Monday, April 20, 2020

Week 12A Reading

This week we will take notes over King Arthur: Tales of the Round Table by Andrew Lang


1. The Drawing of the Sword
Sir Ector tells Arthur that he is not his father. When Arthur realized that he was King, Ector asked him to make his foster/step-brother seneschal of that lands. And Arthur did so.

2. The Questing Beast
Merlin stalks Arthur and presents himself to Arthur as a boy.

3. The Sword Excalibur
They rode into the town of Carlion, and Arthur's Knights gave them a glad welcome, and said it was a joy to serve under a King who risked his life as much as any common man.

4. The Round Table

Merlin asked the King to give him a company of Knights and esquires, that he might go to the Court of King Leodegrance and tell him that King Arthur desired to wed his daughter, which Arthur did gladly. Therefore Merlin rode forth and made all the haste he could till he came to the Castle of Cameliard, and told King Leodegrance who had sent him and why.

5. The Passing of Merlin
When Merlin was under the stone, she used the magic he had taught her, and the rock rolled over him and buried him alive, as he had told King Arthur.

6. King Arthur and Morgan le Fay

When she beheld that sight, her heart fell, for she dared not touch the sword, knowing well that if Arthur waked and saw her she was a dead woman. So she took the scabbard, and went away on horseback.

7. The Quest of the Holy Graal

The Knights, against King Arthur's wish, made a vow to find it and gave up their duties of redressing wrongs and keeping order to pursue the beautiful vision. But most of them, for their sins, were unsuccessful, like Sir Lancelot, and the Round Table was scattered and the kingdom was weakened by the neglect of ordinary duties in the search for what could never be gained by mortal men.
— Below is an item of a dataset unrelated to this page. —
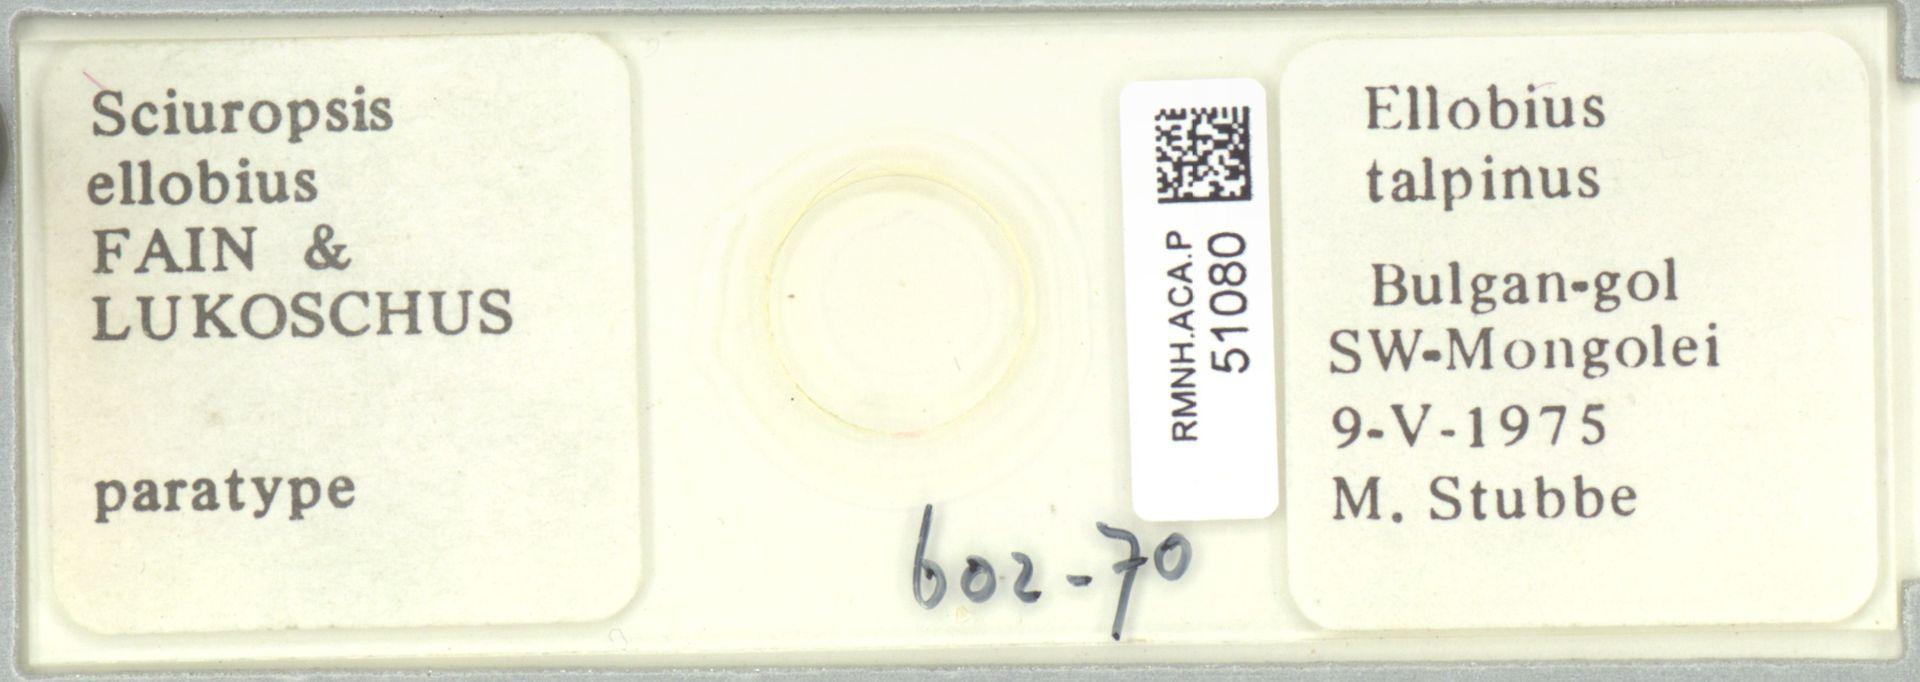 RMNH.ACA.P.51080   Sciuropsis ellobius Fain & Lukoschus
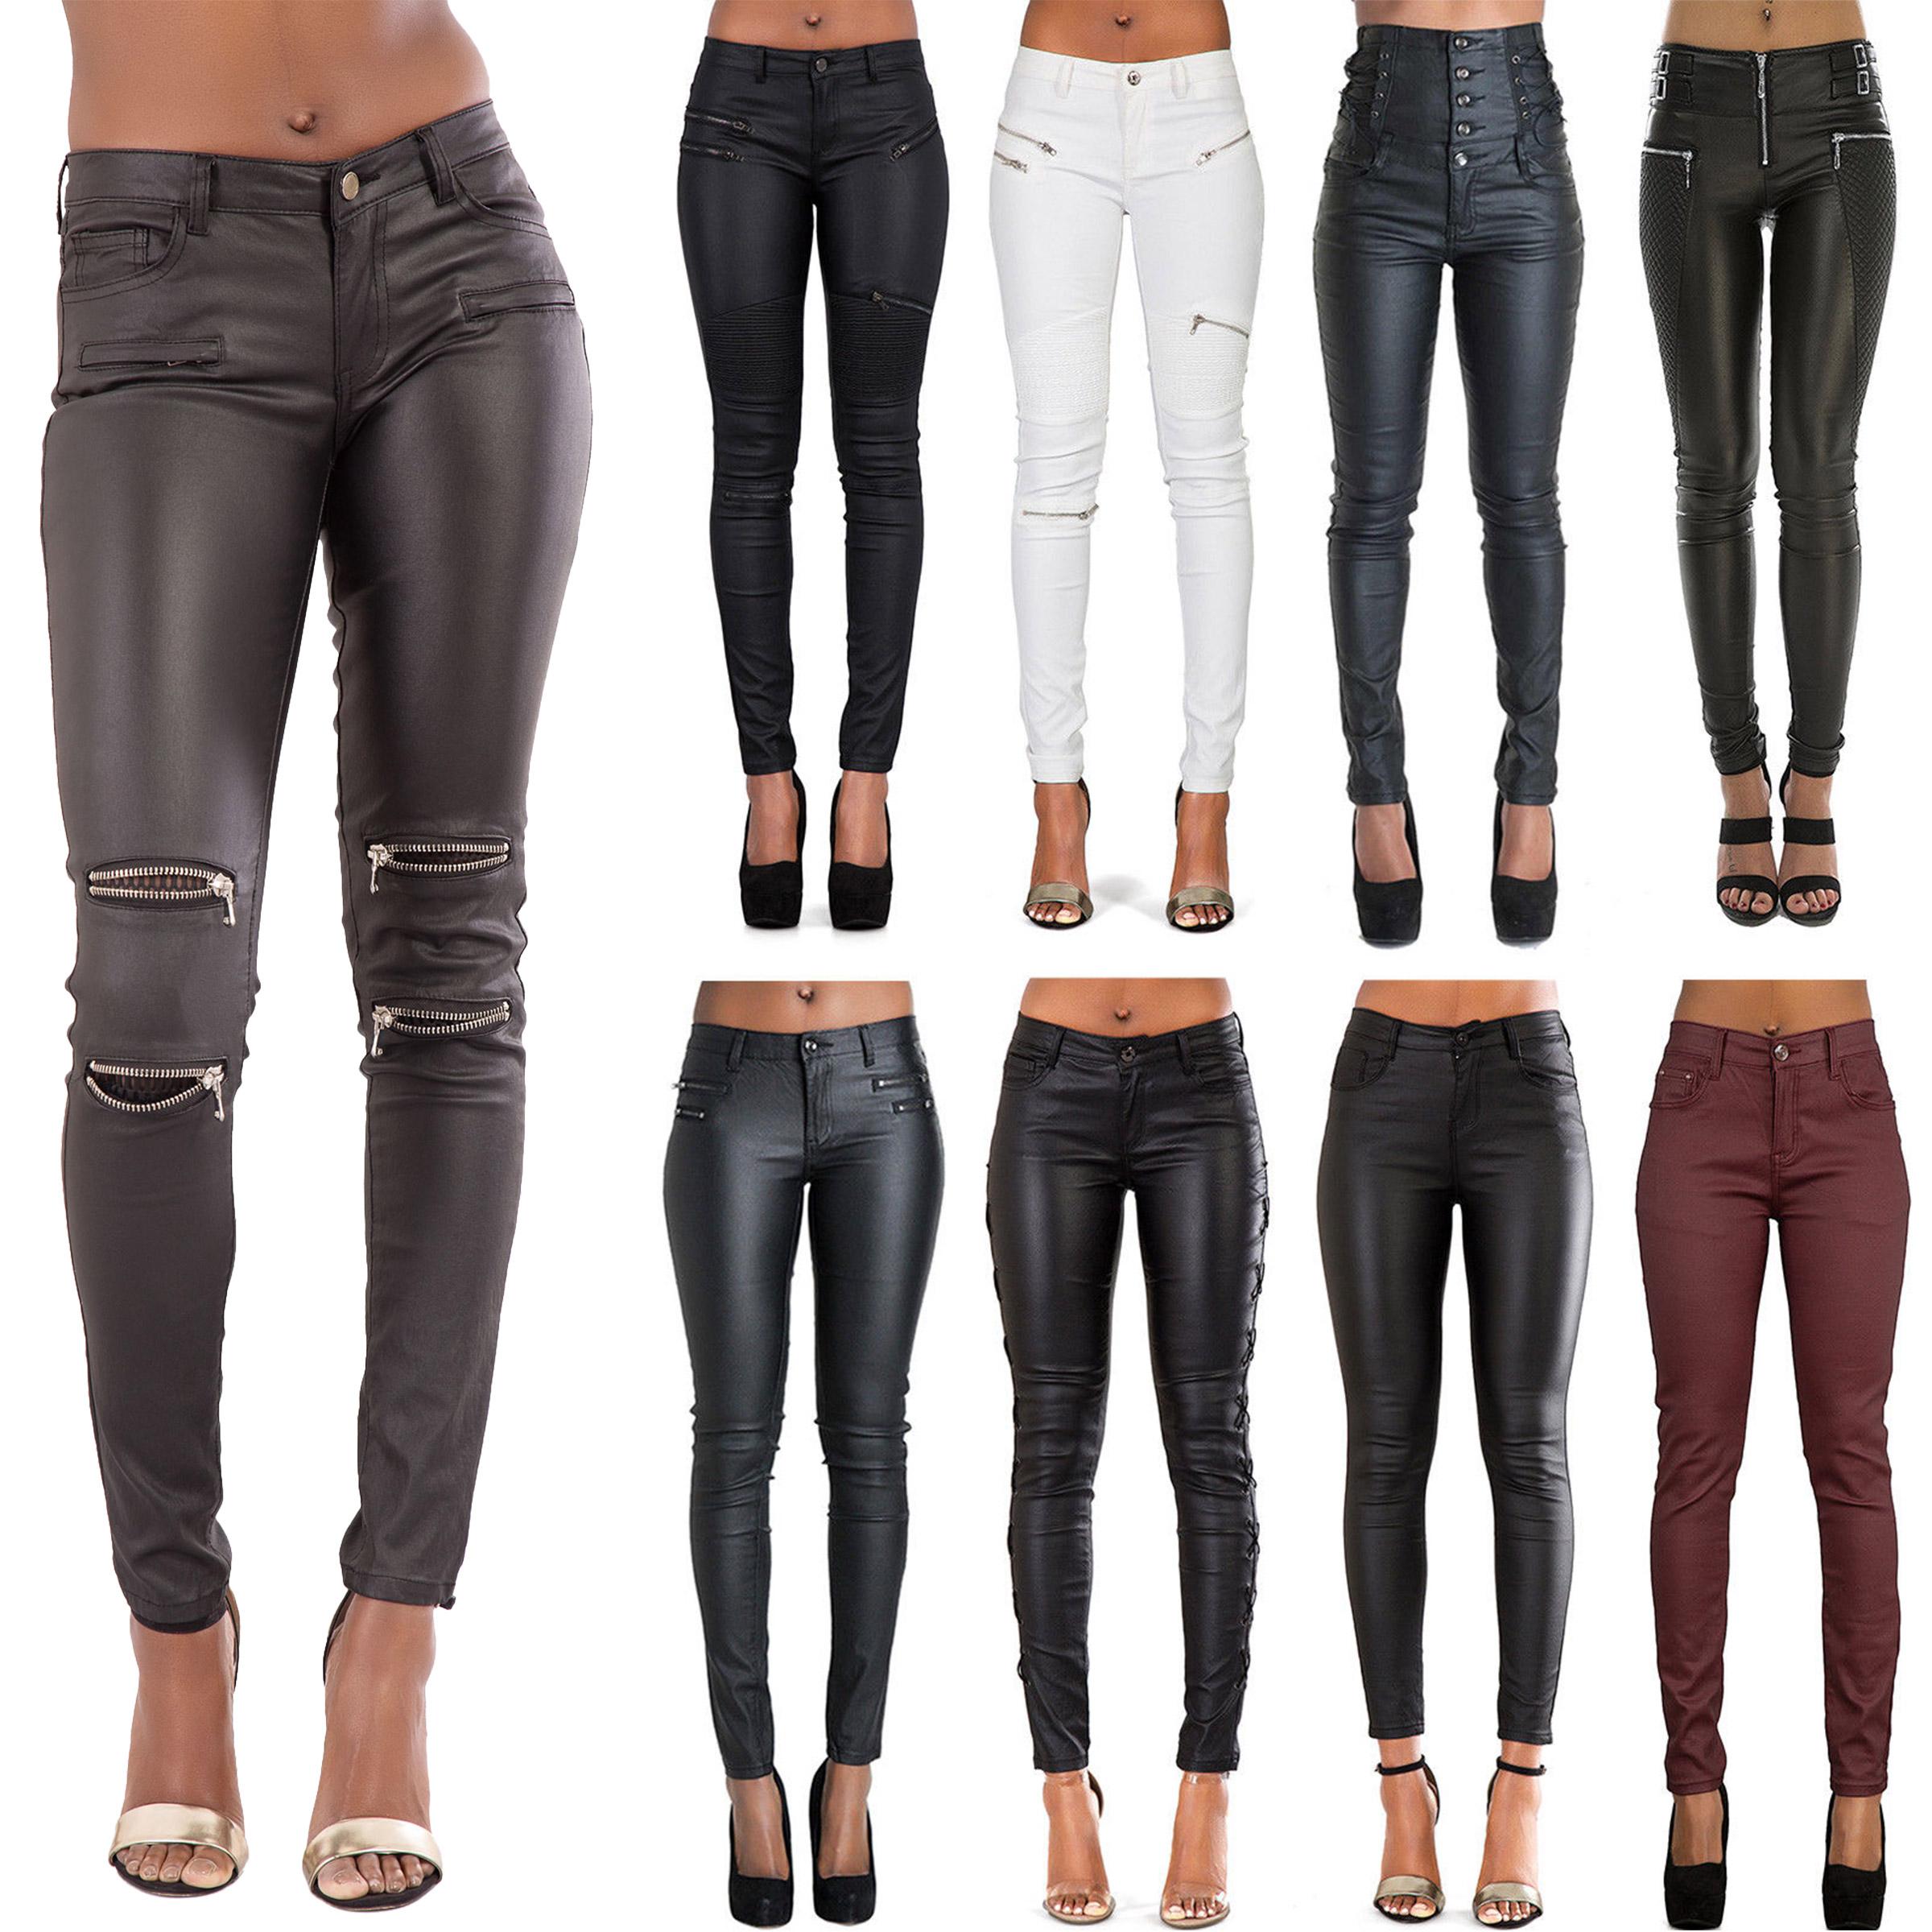 Women/'s Wet Look Skinny Jeans Leopard Look Trouser Ripped Style size 8-14

This appears to be the moral of the story, if it has any moral. But the stories are confused almost like a dream, though it is a beautiful dream.

8. The King's Pilgrimage

In his dream it seemed that the King had ridden away to the quest and had left his squire behind him, which filled the young man with fear. And in his dream he set the saddle and bridle on his horse, and fastened his spurs, and girt on his sword, and galloped out of the castle after the King.

9. The Coming of the Holy Graal

They bade farewell, and mounted their horses, and rode through the streets of Camelot, and there was weeping of both rich and poor, and the King could not speak for weeping. And at sunrise they all parted company with each other, and every Knight took the way he best liked.